I'm a bit annoyed the season 2 finale seems to basically be a clip show if Riker and his sweet lovin' with the ladies. I had hoped it would be a dramatic face off with the Borg or something like that.
The whole 2nd season suffered from the 1988 writer's guilde strike. It was shortened to 22 eps (instead of the regular 26 eps that every other season of TNG has) and budgetary changes also played a role resulting in less episodes and almost no money left towards the end of the season. Bud they HAD to deliver another episode. They couldn't even afford some of the main actors to be on set for a whole episode, so the only solution they saw was that awful "clip show" to end the season with, surrounded by a very thin frame story with Riker in the coma.
You can read a little more about that here:
https://en.wikipedia.org/wiki/Star_Trek:_The_Next_Generation_(season_2)
What I would love to have seen is the aftermath from the characters, how they come to terms with what they've been through
So you must have loved the 2nd episode of season 4, because "Family" is one whole episode doing just that and nothing else.

And there were a few more, later on, when they concentrate more on the family and relationship matters. They did all that.
Characters from the past do return! Moriarty, Lore, Data's "Father", Q, Lwaxana... just to name a few. I think for a "story of the week"-show, which TNG was, they did that very well, sometimes even more than they were supposed to for a story-of-the-week-show, so in that point i can't agree with you.

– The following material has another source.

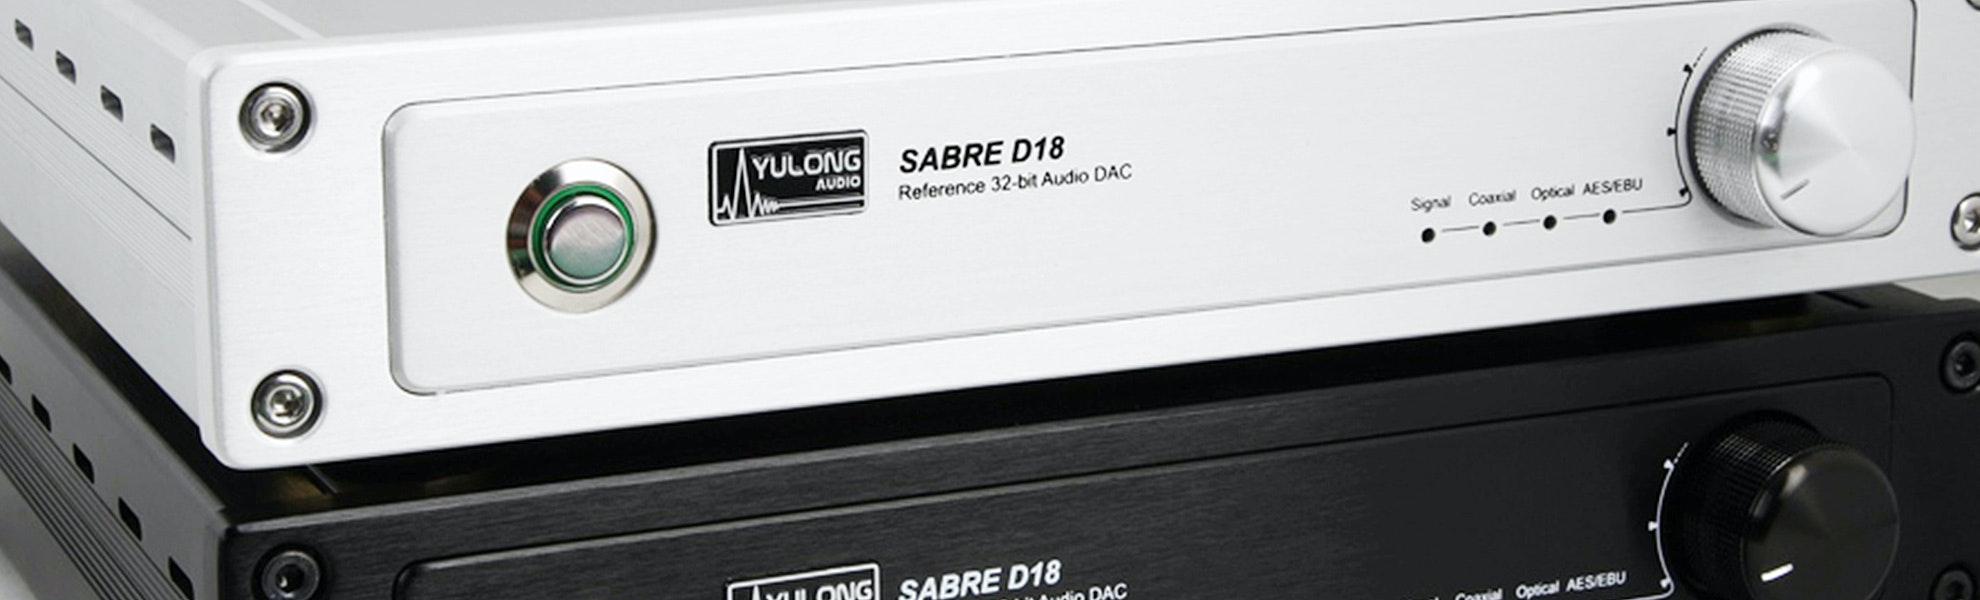 Yulong Sabre D18 Reference DAC

And almost every season does have at least one additional two-parter (apart from the cliffhanger) as well!
I agree, watching on Netflix you can see how long is left of each episode and it's a bit formulaic that the show is all neatly wrapped up in the last 4 or 5 minutes.
Again, it's a story-of-the-week-show, and which of these shows didn't resolve their issues in the last few minutes? Which movie doesn't? Which book doesn't. Of course there are exceptions, but it mostly works like that. Of course it's formulaic - it's the formular of a weekly show based on self contained episodes. Same way you have cliffhangers at the end of serialized shows, as that it
their formular.

DS9 went other routes - but with that show it was a different order from the network, they wanted to try something else.
But both shows did very well taking all into account imho.